The authors ran these tests on three different "training grounds" (datasets) of increasing difficulty. Here is what they found:

  1. The "Standard Teacher" (Cross-Entropy) is the MVP.
    Despite all the fancy new methods, the old-school way of training is still the most reliable. It balances knowing the "good guys" well and spotting the "bad guys" (strangers) consistently, especially in large, complex environments.

  2. Specialized methods have a trade-off.
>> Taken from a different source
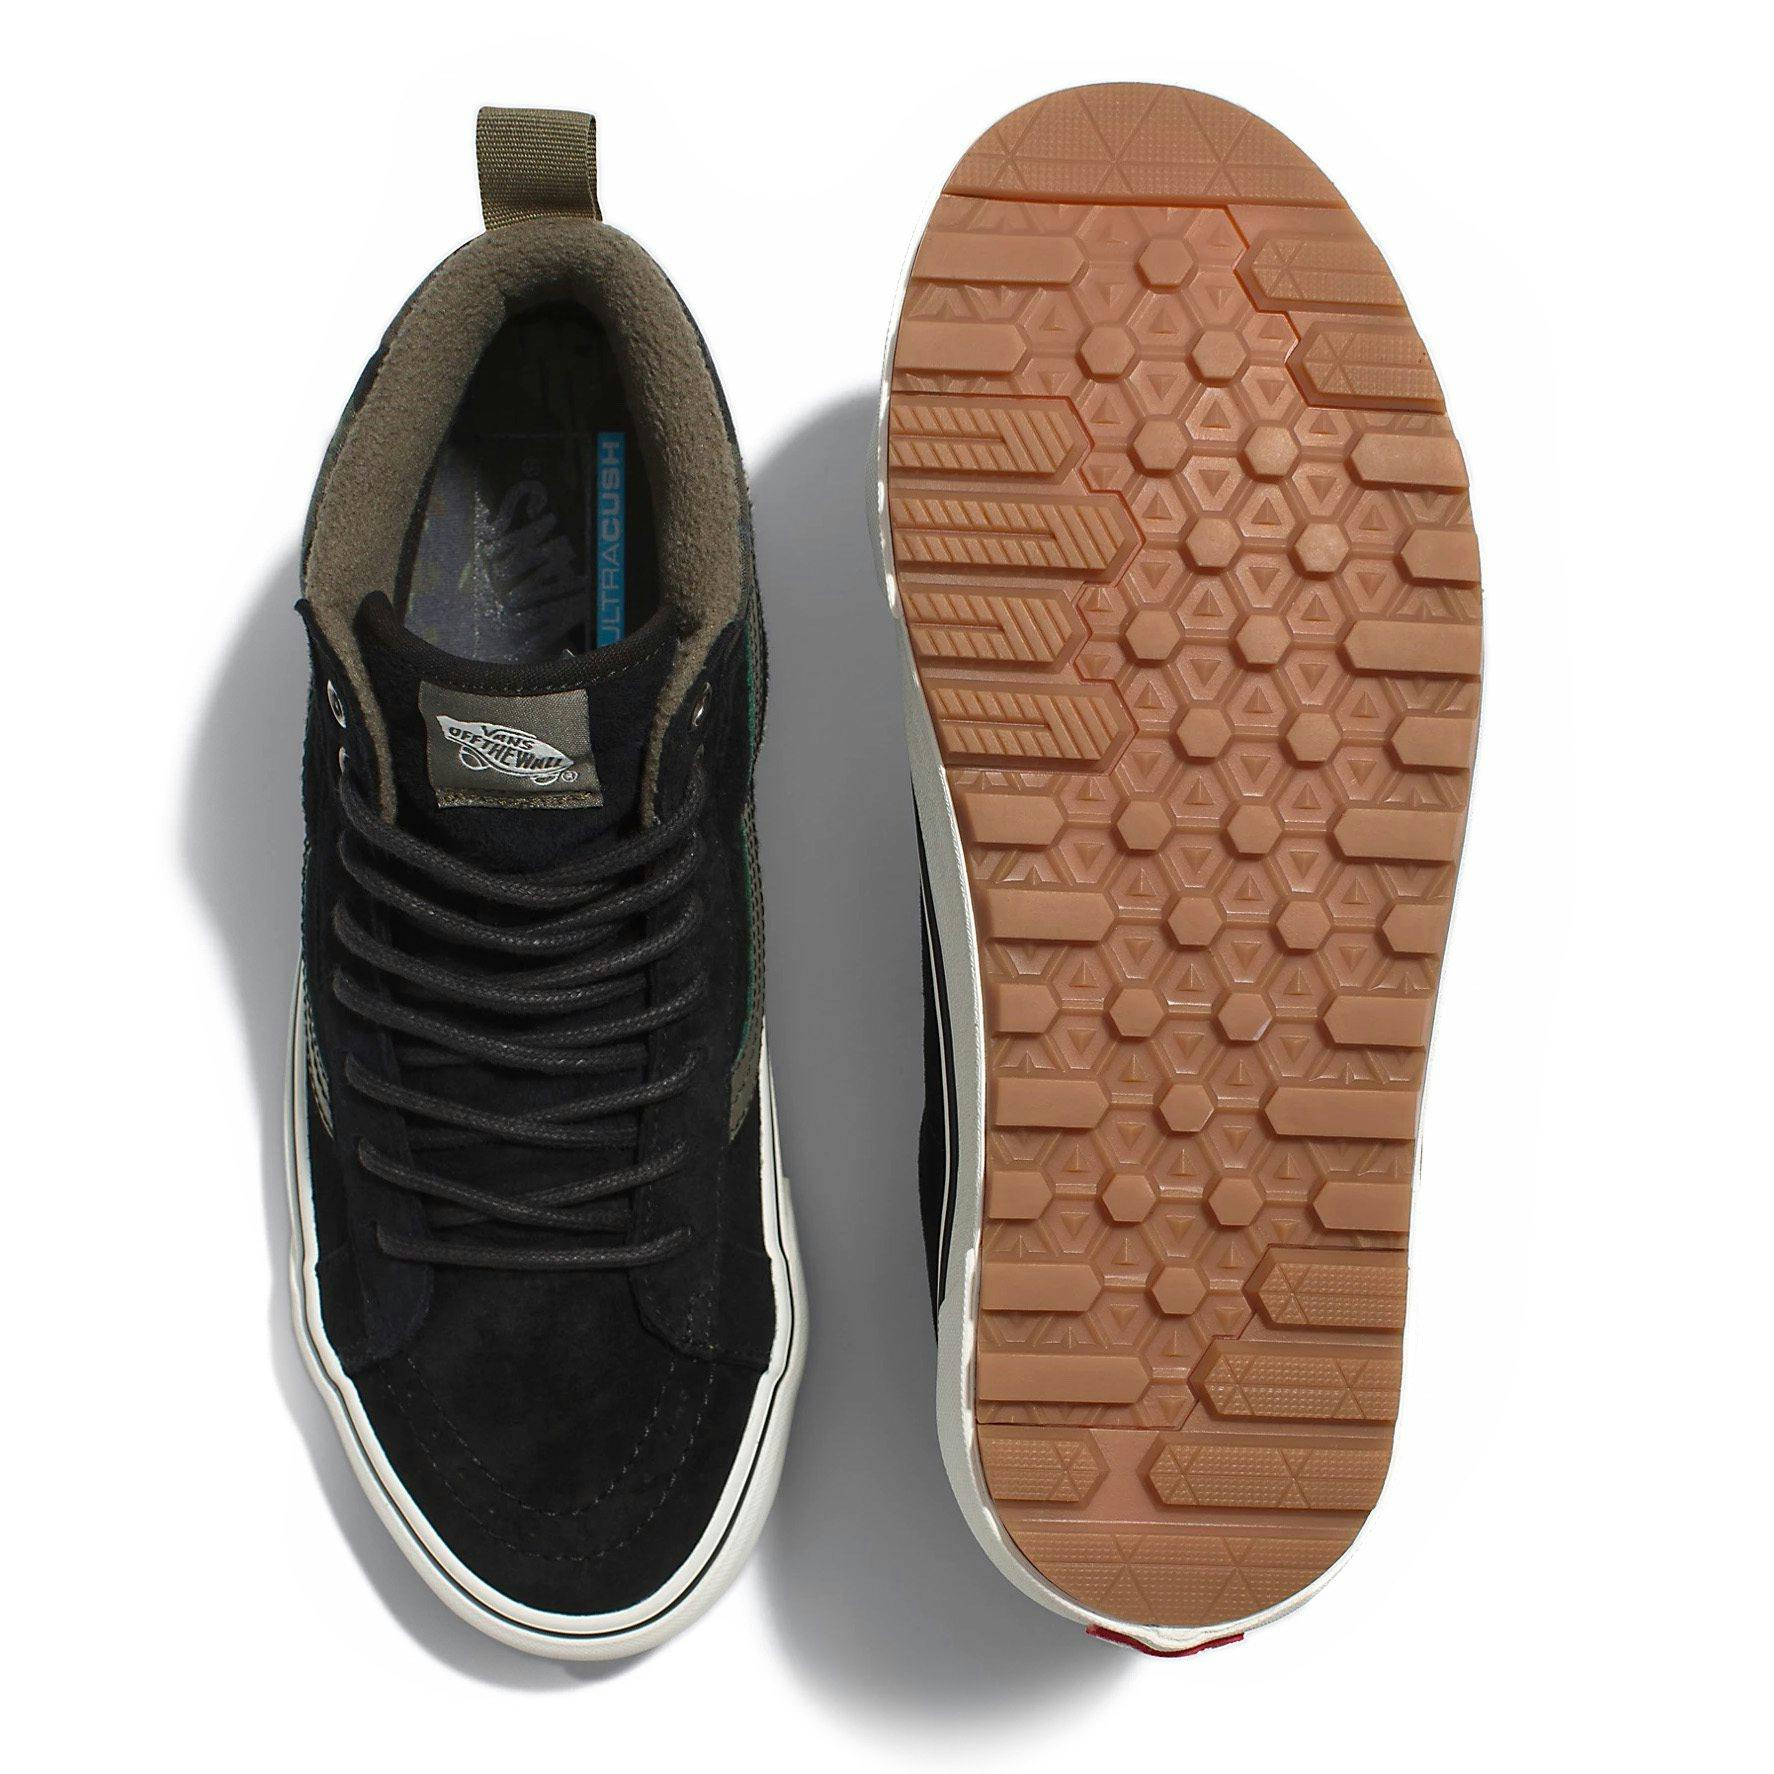 Vans SK8-Hi MTE-1 Sneaker Boot Huckberry Black/Marshmellow - Trail | | Sneakers

    • Triplet Loss (Distance) gets too confused when there are too many classes.
    • Prototype Loss (Averages) is great at knowing the "good guys" but doesn't always catch the strangers better than the standard method.
    • AP Loss (Ranking) is promising but can be a bit hit-or-miss depending on the dataset.
  3. The "Stranger" is harder to catch when they look familiar.
    The paper also noted that it's much easier to spot a stranger who looks totally different (like a cat when you trained on dogs) than a stranger who looks almost like a dog (like a wolf). All methods struggled more with the "almost" strangers, but the Standard Teacher handled it best overall.

In a Nutshell

If you are building a safety system for a real-world application, don't get distracted by the flashiest new training tricks yet. The paper suggests that the classic Cross-Entropy Loss is still the most robust, reliable, and scalable choice for detecting when your AI is seeing something it doesn't understand. It's the "Swiss Army Knife" of training objectives: it might not be the sharpest knife for one specific job, but it's the best tool to have in your pocket for everything else.